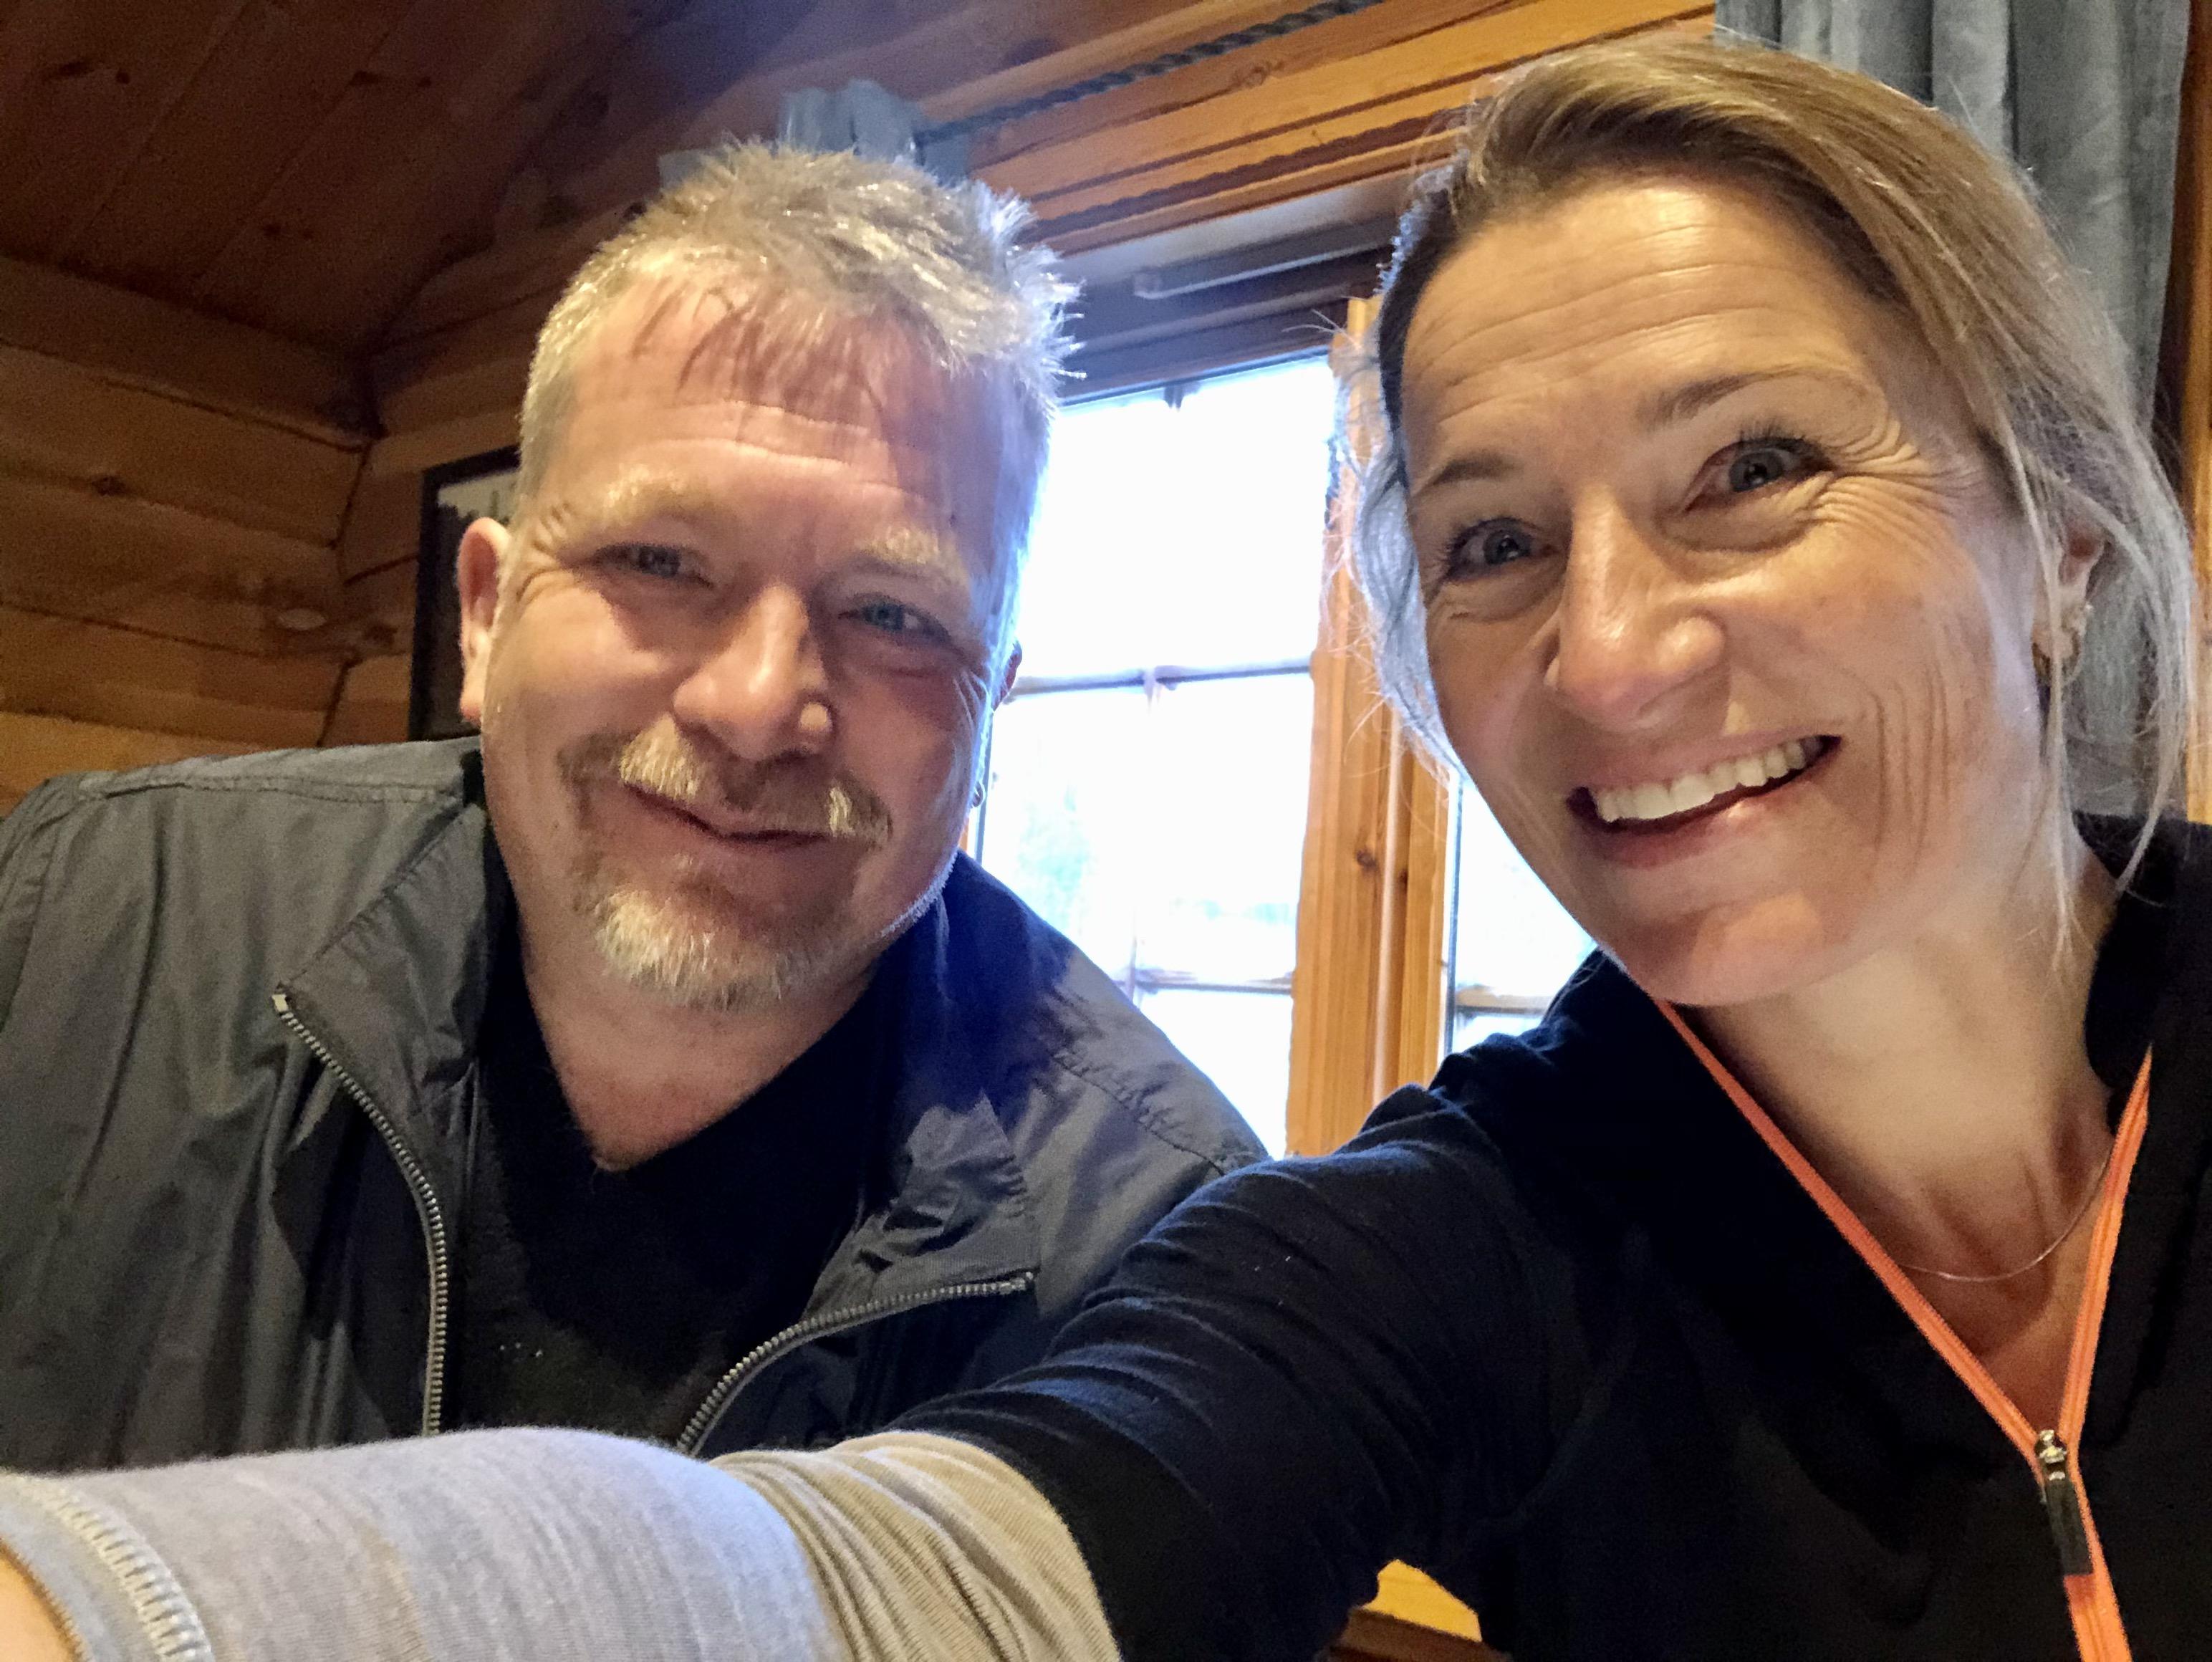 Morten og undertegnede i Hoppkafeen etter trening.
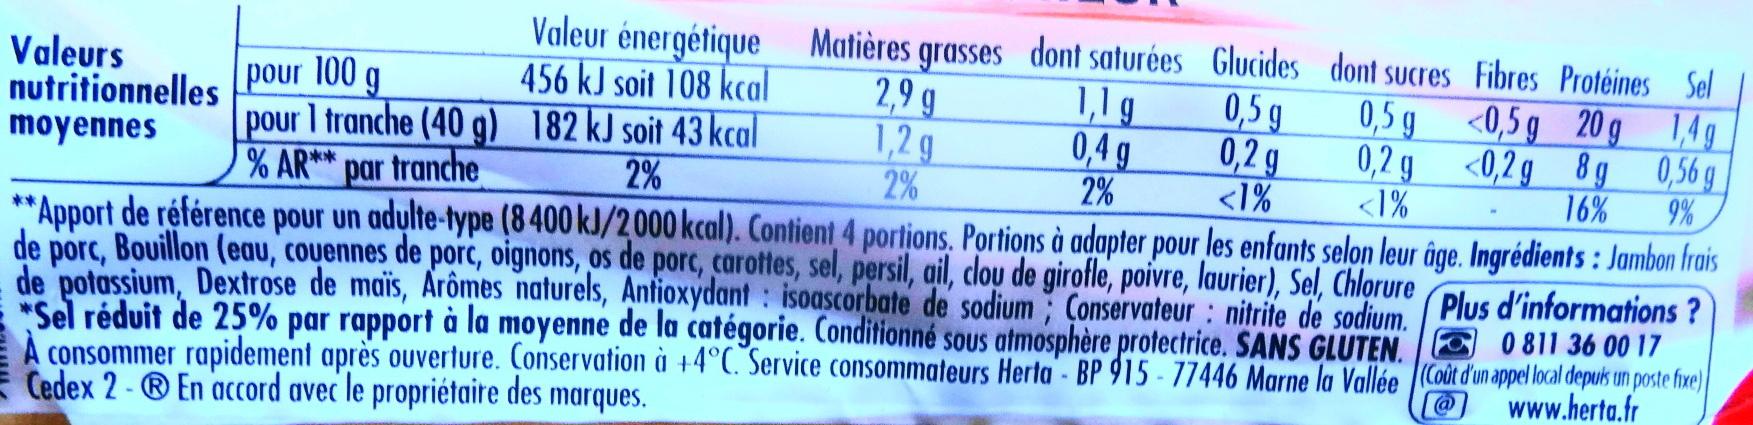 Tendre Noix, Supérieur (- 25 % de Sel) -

☆ ☆ ☆ ☆

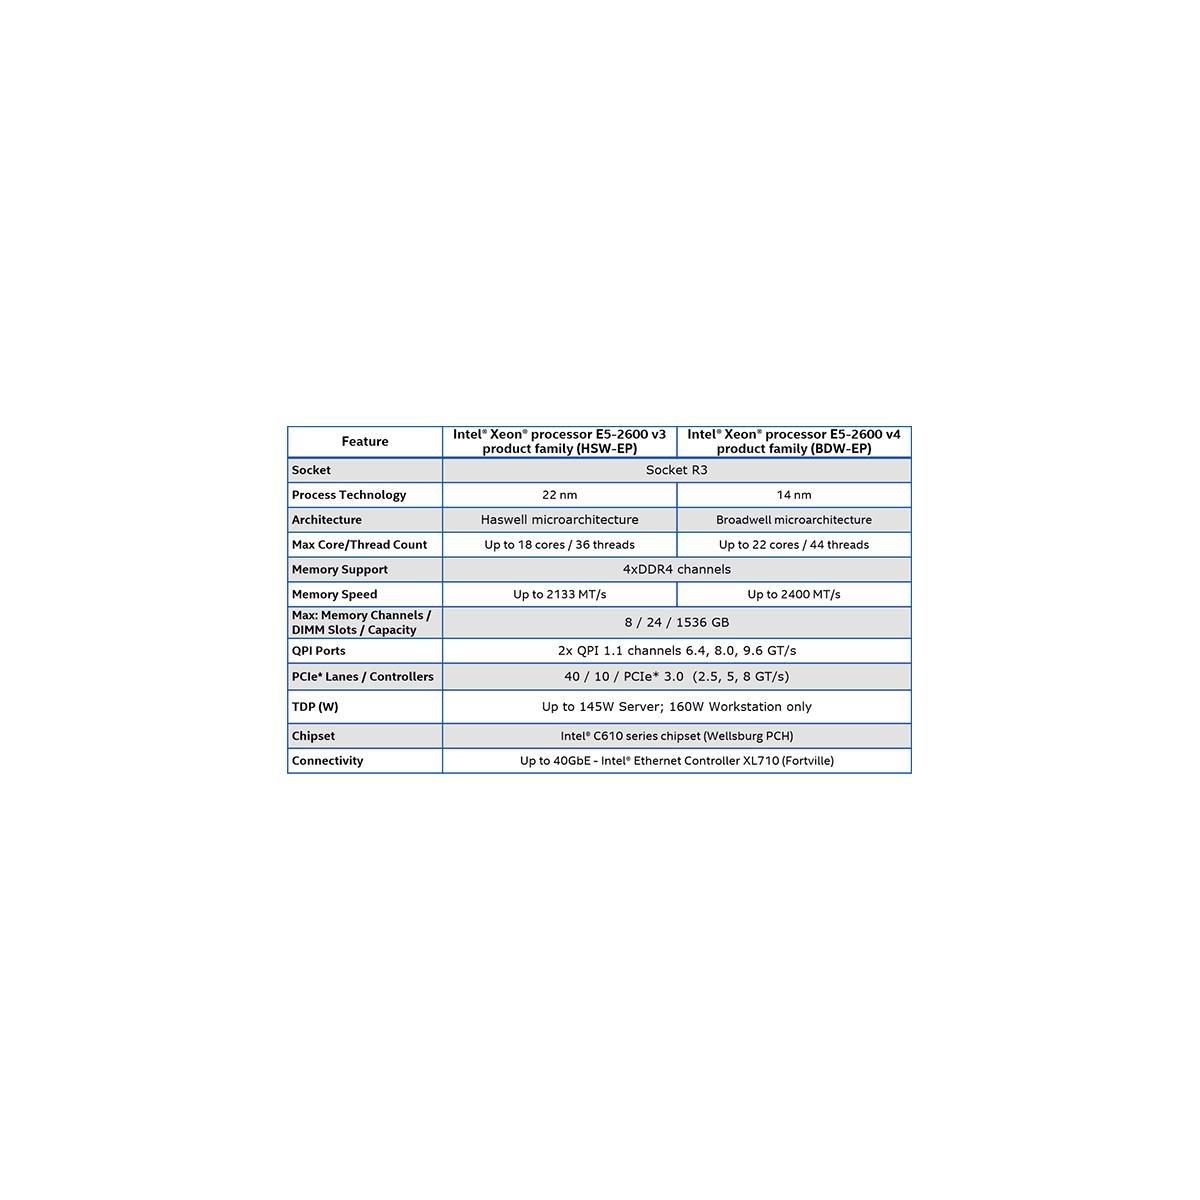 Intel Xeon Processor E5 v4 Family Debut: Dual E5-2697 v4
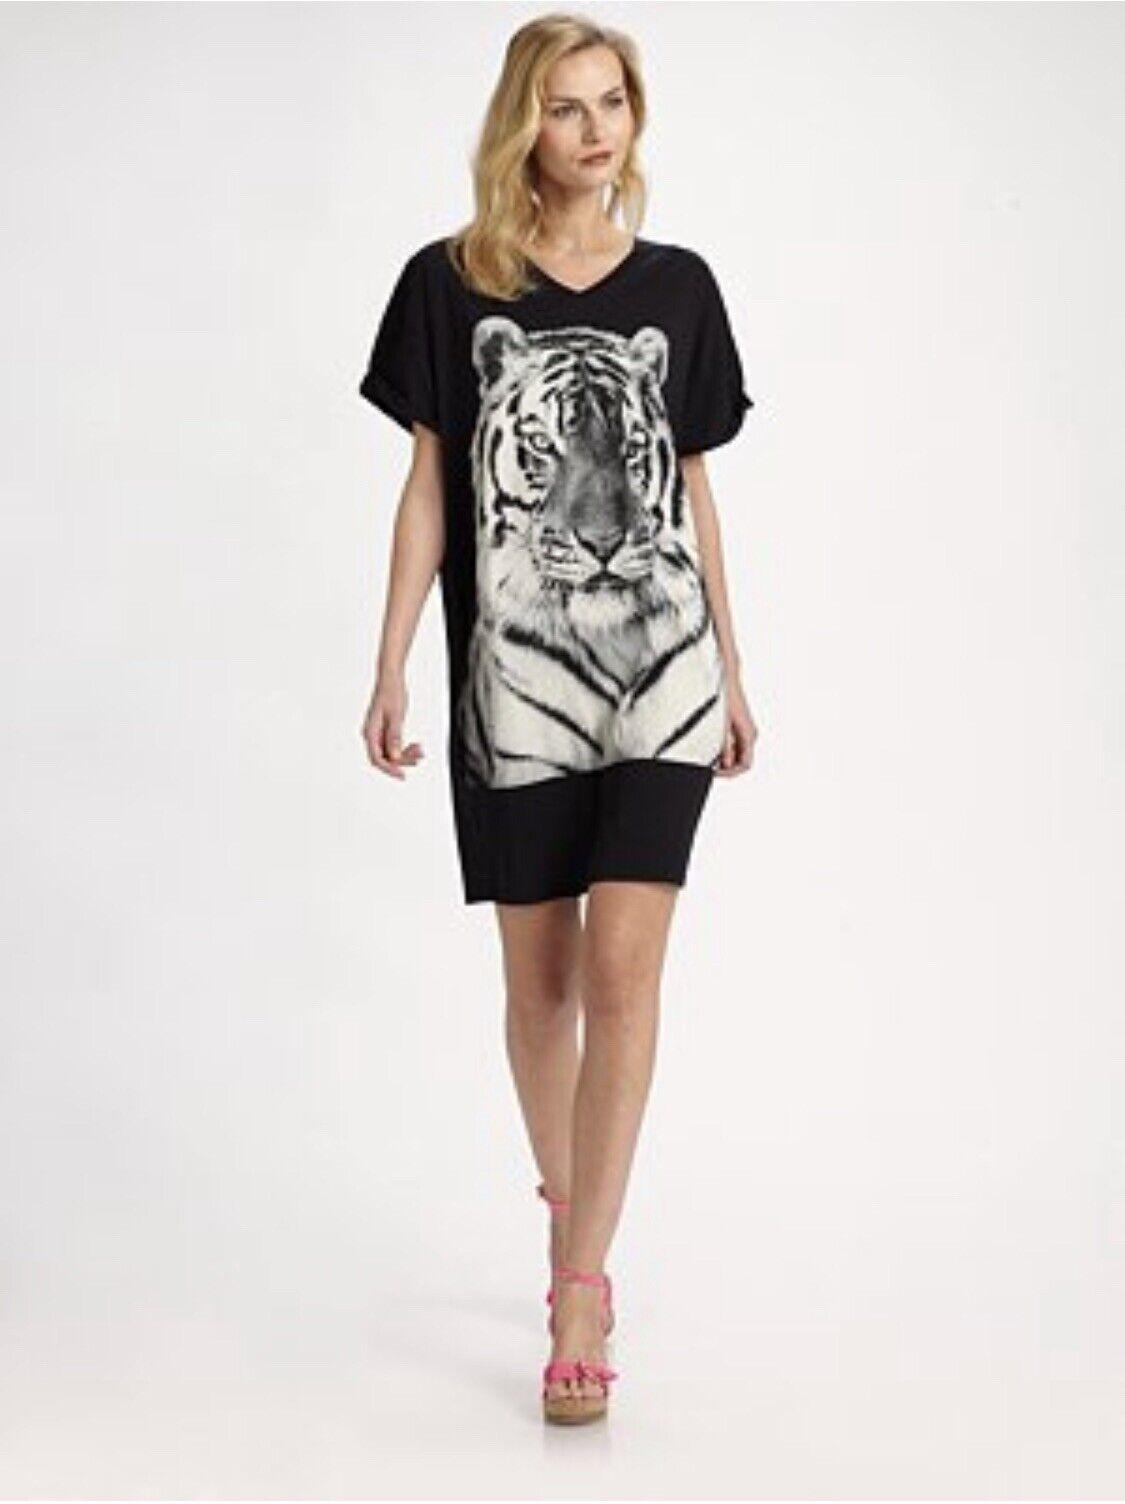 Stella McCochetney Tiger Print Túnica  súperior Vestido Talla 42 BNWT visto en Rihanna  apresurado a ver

☆ ☆ ☆ ☆

▸ WORK TASK
Print, word for word, the lines above that run from the line containing "Morten og undertegnede" to the line containing "Tendre Noix, Supérieur", both included. Keep the pictures out.

▸ TASK RESULT
 Morten og undertegnede i Hoppkafeen etter trening.
 Tendre Noix, Supérieur (- 25 % de Sel) -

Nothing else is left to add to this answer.